Interest rates rose in early 1980 until historically high peaks were reached between mid-March and mid-April. Then, during the second quarter, short rates plunged 800 to 1000 basis points while long interest rates fell 300 to 400 basis points. As soon as these rates touched their lows in early summer, they began climbing the remainder of the year to new historical levels.

The driving force behind the ebb and flow of intereest rates and the bond market was inflation and inflationary expectations.

Two contributing forces to higher rates were increased government expenditues on the one hand -- up 17.4 percent in 1980 -- and a more restrictive monetary policy on the part of the Federal Reserve.

The end result was that the economy was being stimulated by an expansive fiscal policy while the Federal Reserve was trying to rein in the economy and, hopefully, inflation through a restrictive monetary policy. Concurrently, the government had to finance its continuing deficits, which also contributed to higher interest rate pressures. MONEY MARKETS

The Federal Reserve's restrictive approach manifested itself mainly through high interest rates in the short-credit markets. These high short rates acted as a lightening rod for attracting funds, especially during times of uncertainty.

Banker acceptances, which are used to facilitate world trade, grew 29 percent to a new high of $57 billion outstanding.

The commercial paper market grew especially during the first seven months of 1980 when the commercial paper rate was 200 to 300 basis points below the prime lending rate of commercial banks. This market finished the year with $123 billion in paper outstanding, up 11 percent over 1979.

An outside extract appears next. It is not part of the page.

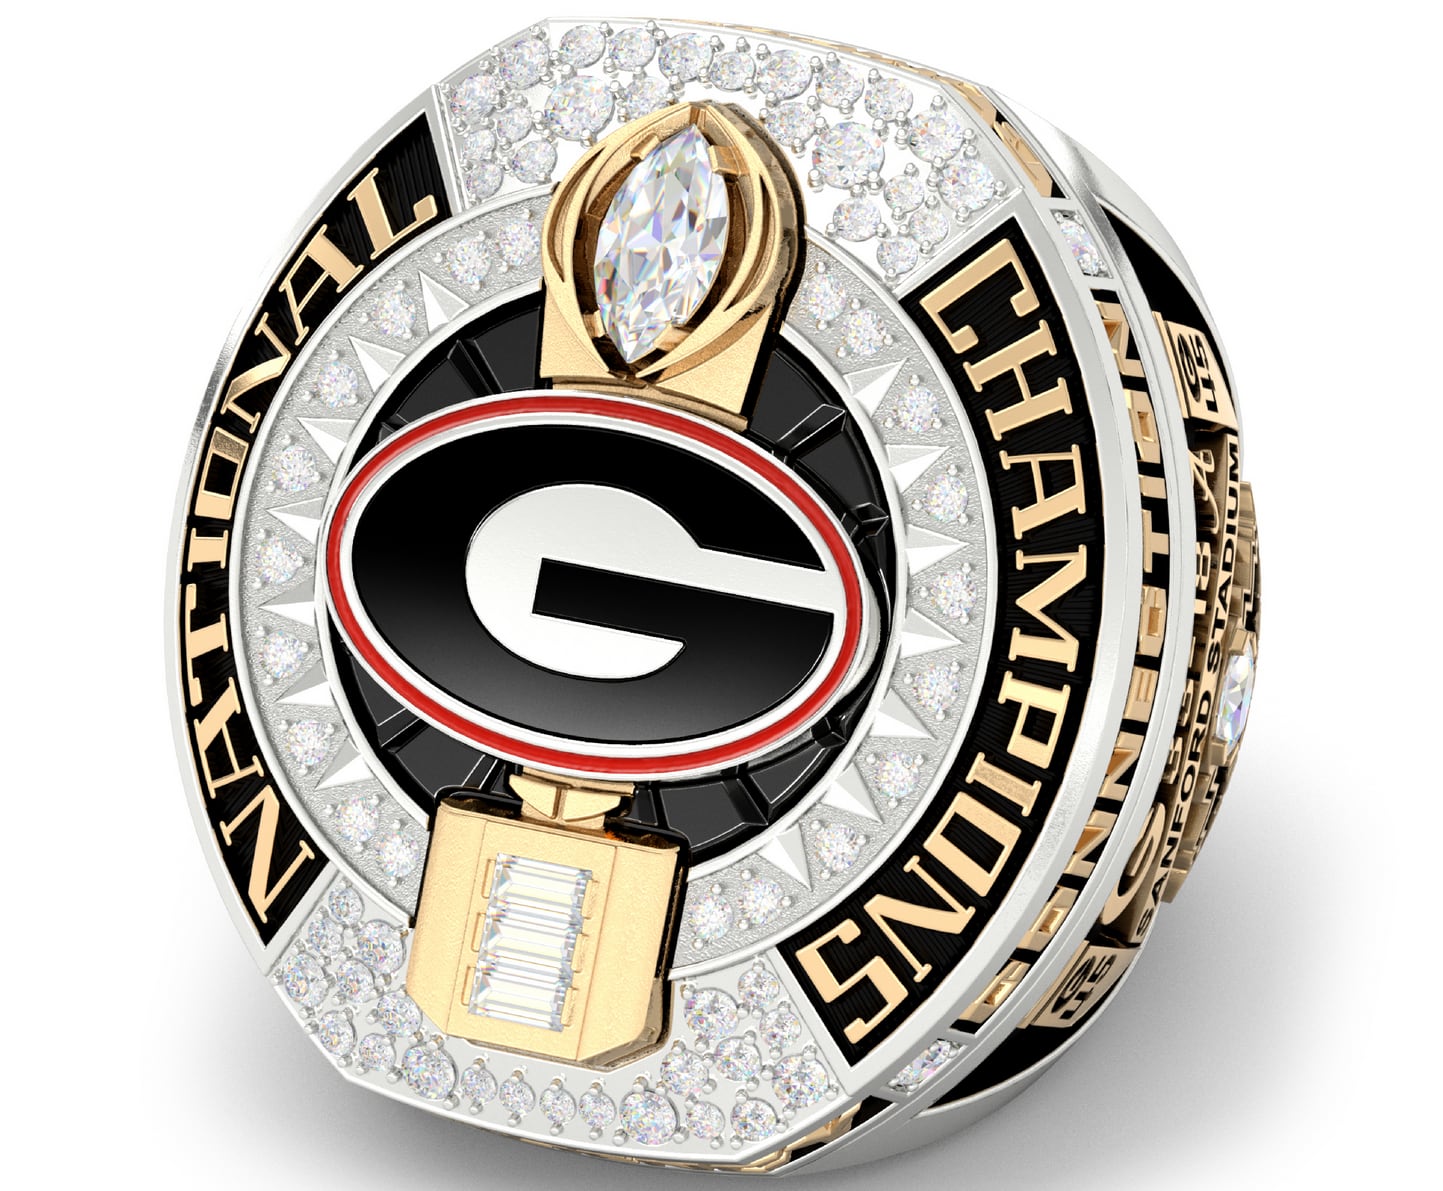 In Photos: 2021 Championship Ring Photo Gallery

By the end of 1979, thrifts and commercial banks had outstanding around $265 billion in 6-month money-market certificates. They began issuing 2.5-year certificates whose rate was tied to 2.5-year Treasuries in January 1980. By October 1980, $56 billion of the 2.5-year certificates had been issued while the amount of 6-month certificates outstanding had reached $358 billion.

Money market funds continued their phenomenal expansion. They grow to $80 billion by August, up 77 percent over 1979, and then declined to the $75-billion level by the end of the year. TREASURY

The two main characteristics of this sector in 1980 were the sheer size of the financings accomplished and the volatility in prices.

During 1980, the Treasury unofficially had gross financings that totaled around $620 billion. About $92 billion represented new money.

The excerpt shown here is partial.